▶ _Problem statement_: For this task, copy all of the data below exactly and skip the pictures.

▶ _Collected data_:
== Segment start ==

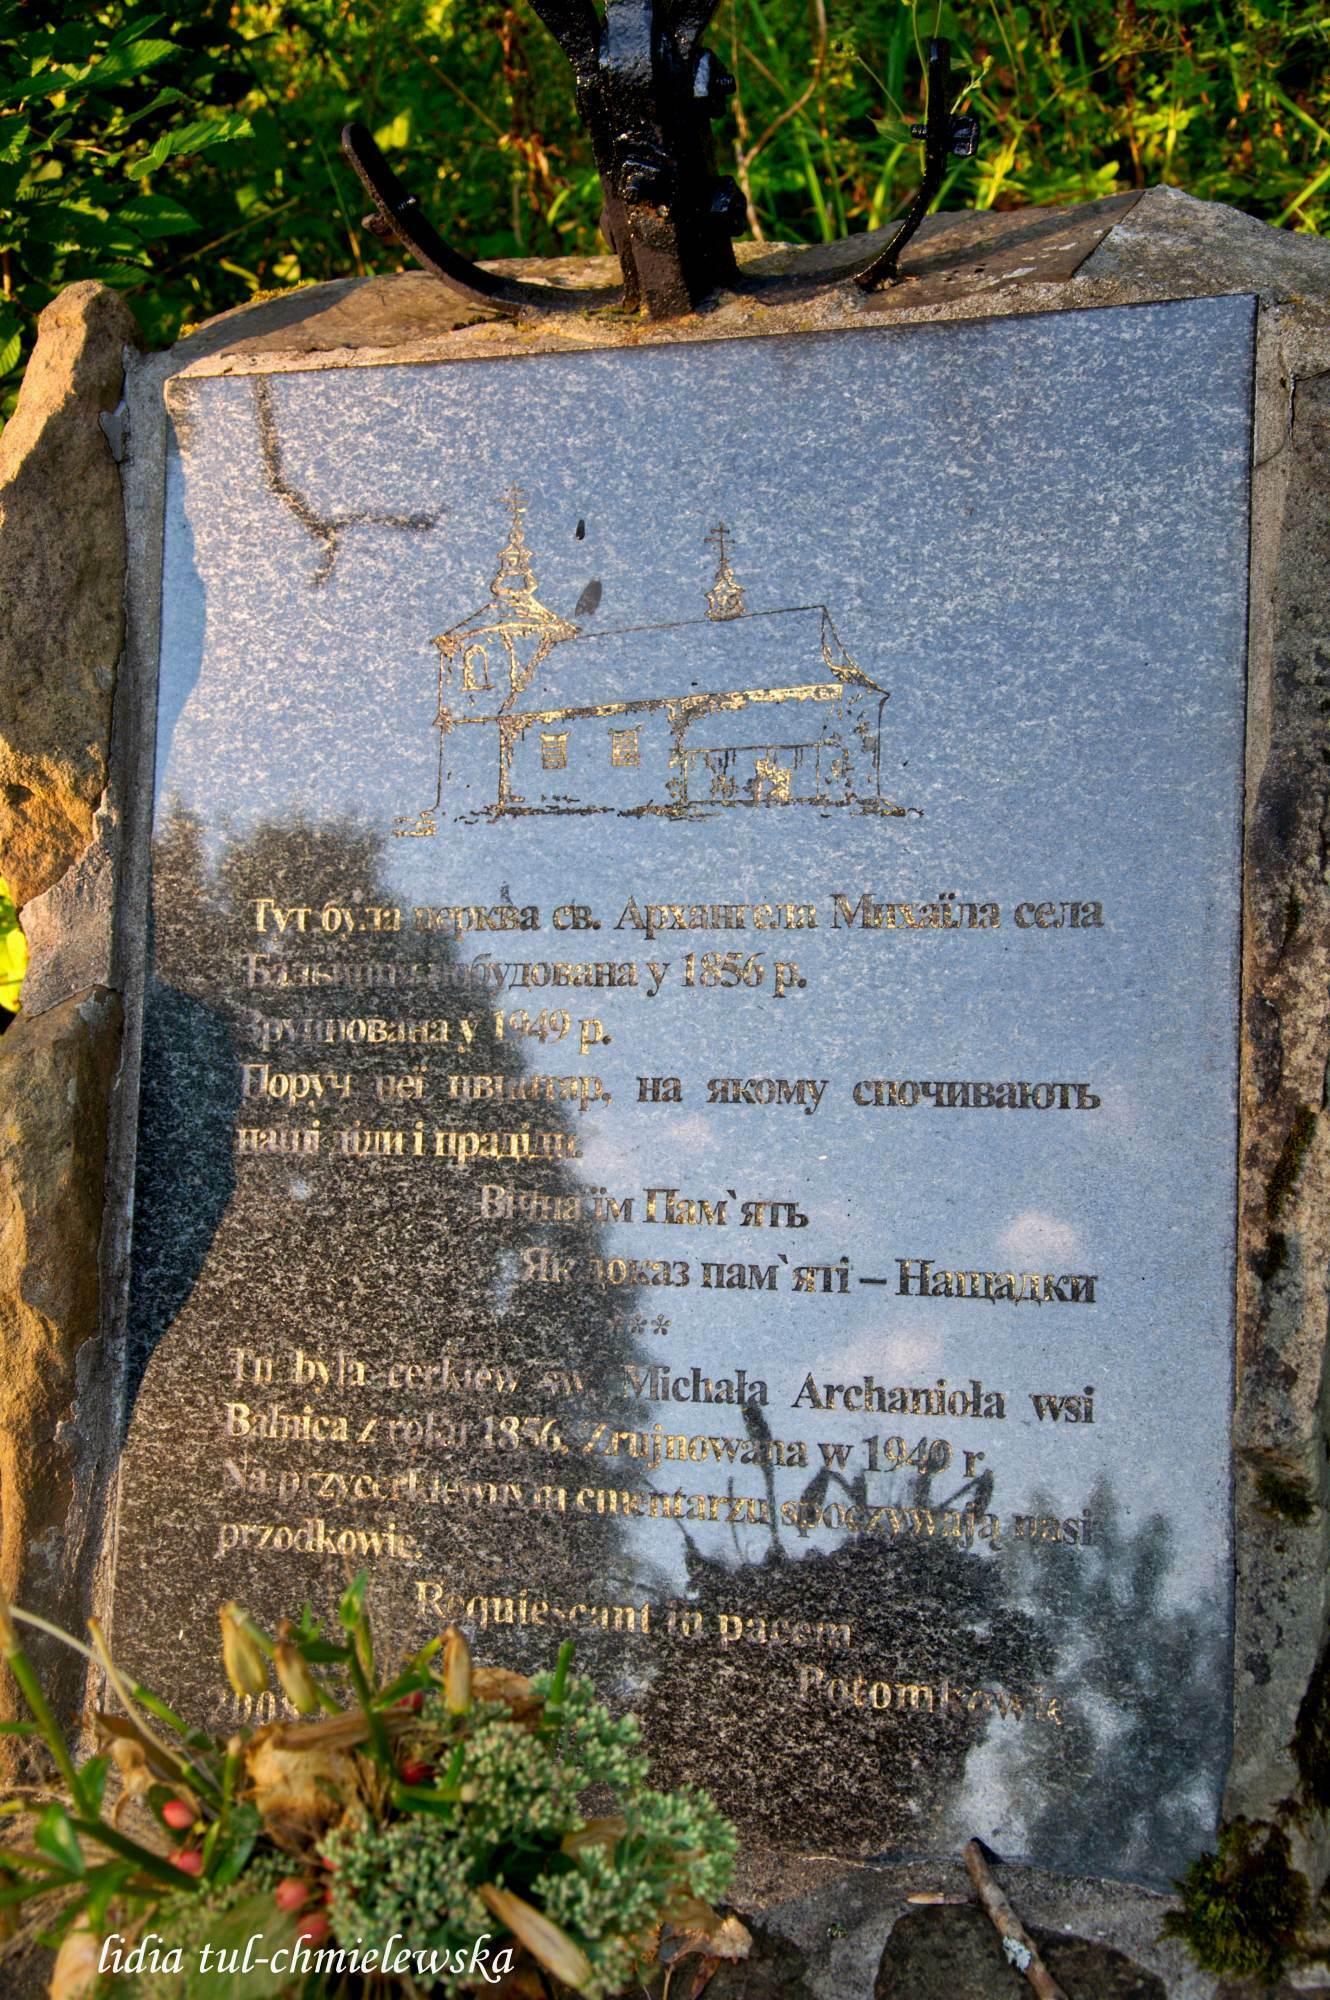 Balnica_Tablica granitowa przy krzyżu z kopuły cerkwi(0)_27
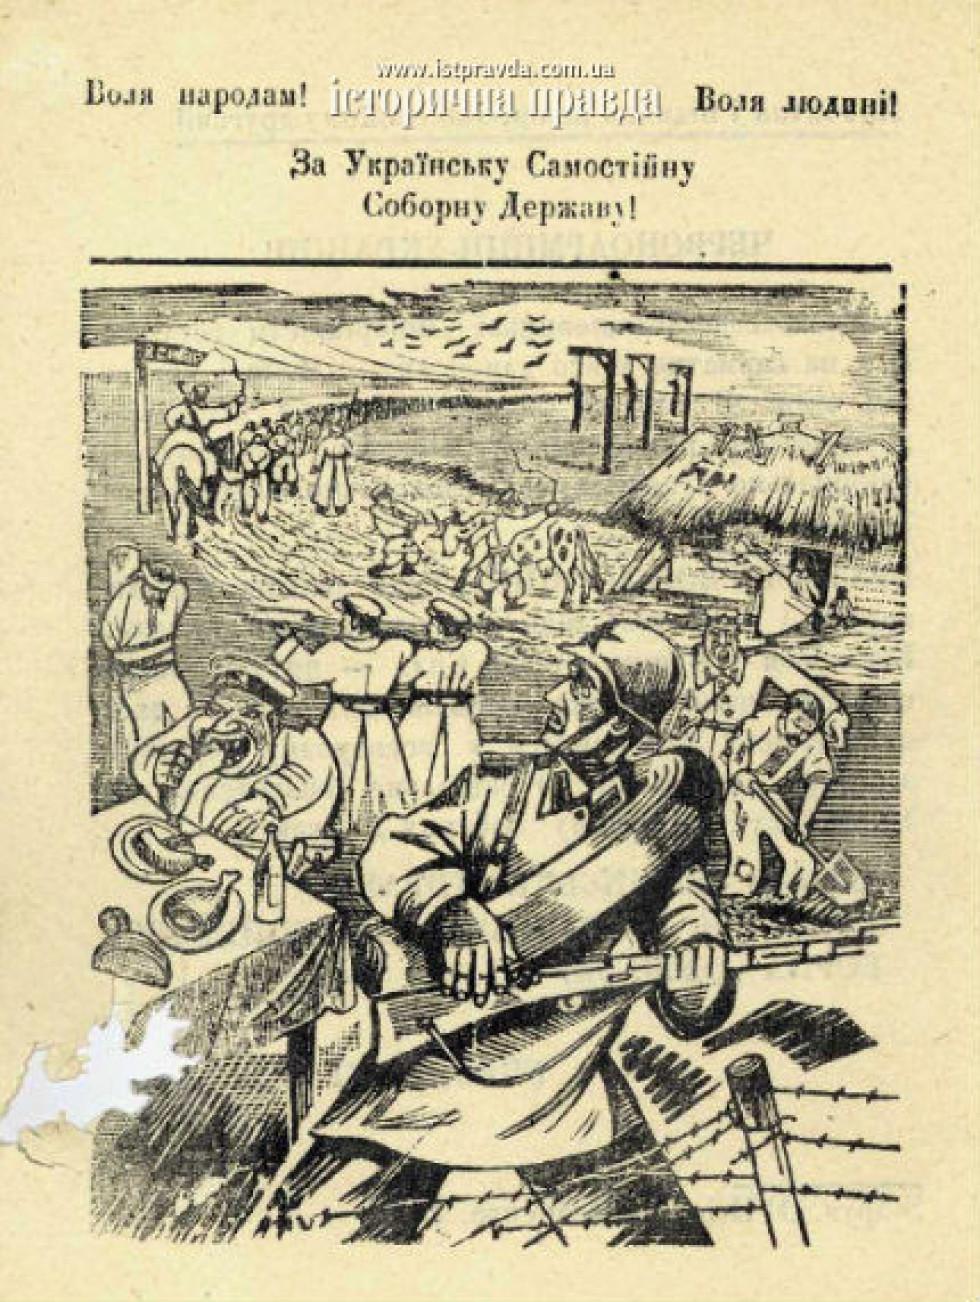 Листівка УПА, звернена до червоноармійців
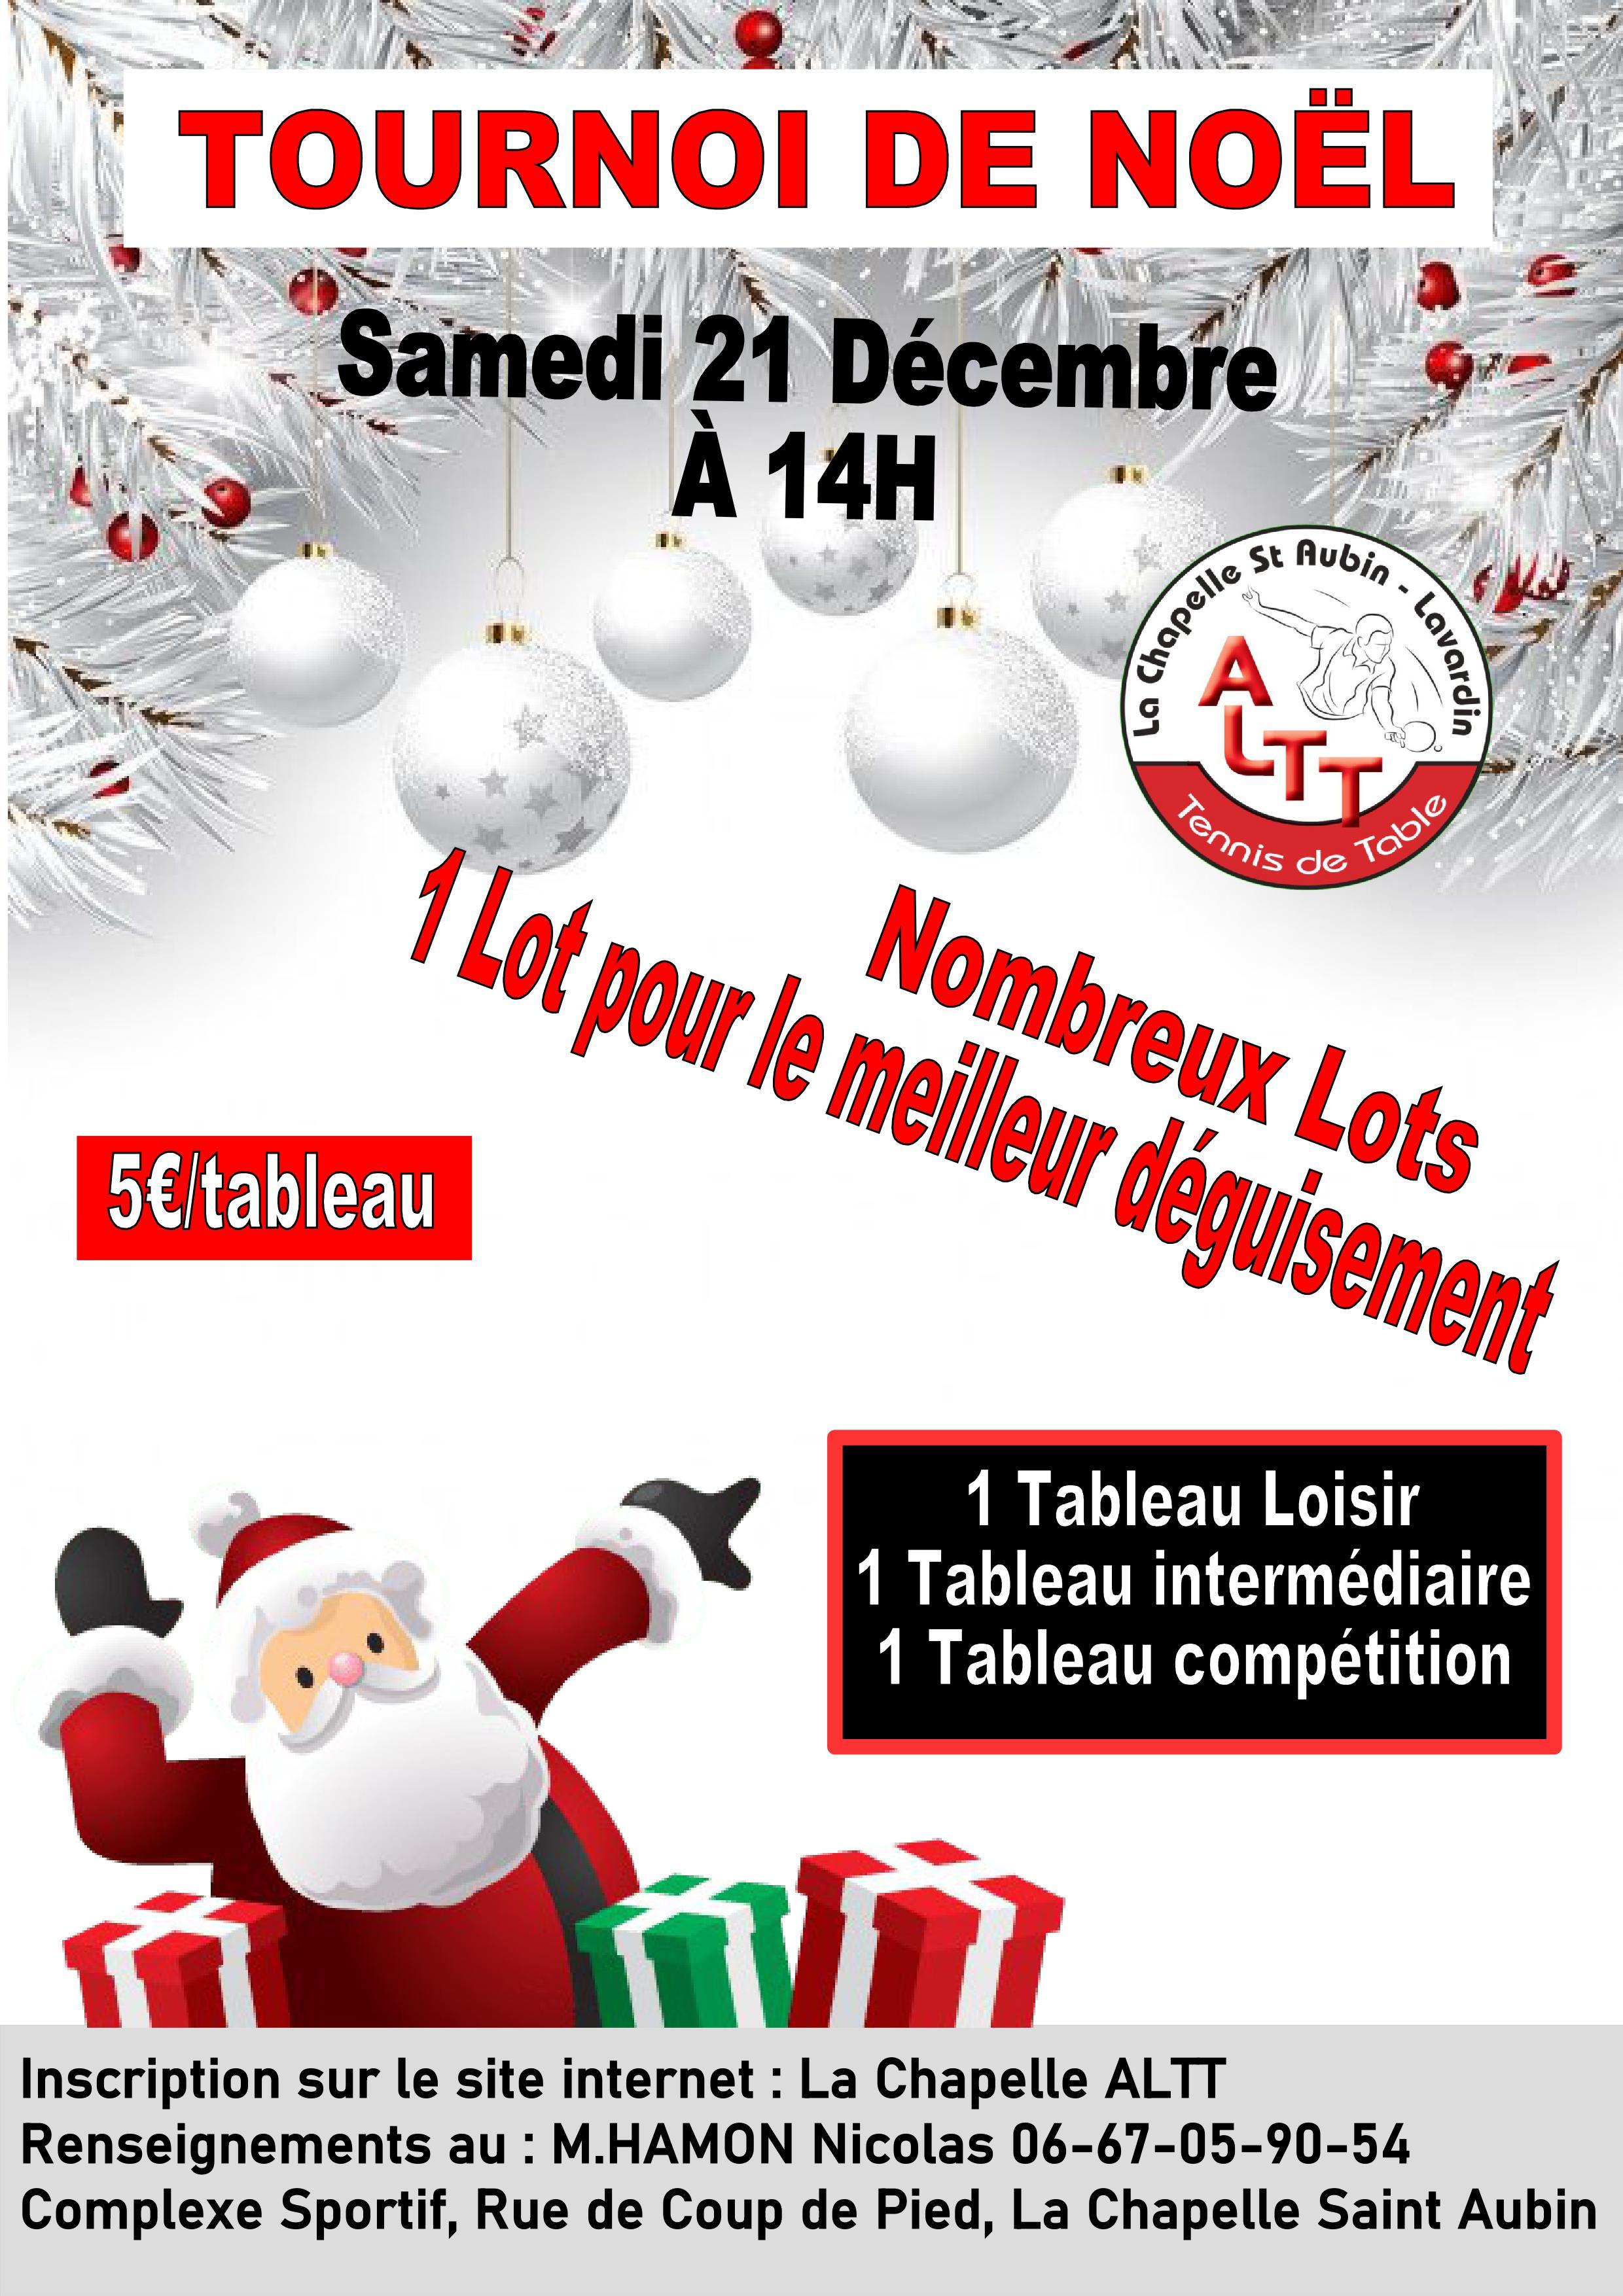 Tournoi de Noël La Chapelle ALTT

== Segment end ==

▶ _Solution to this exercise_:
 Balnica_Tablica granitowa przy krzyżu z kopuły cerkwi(0)_27
 Листівка УПА, звернена до червоноармійців
 Tournoi de Noël La Chapelle ALTT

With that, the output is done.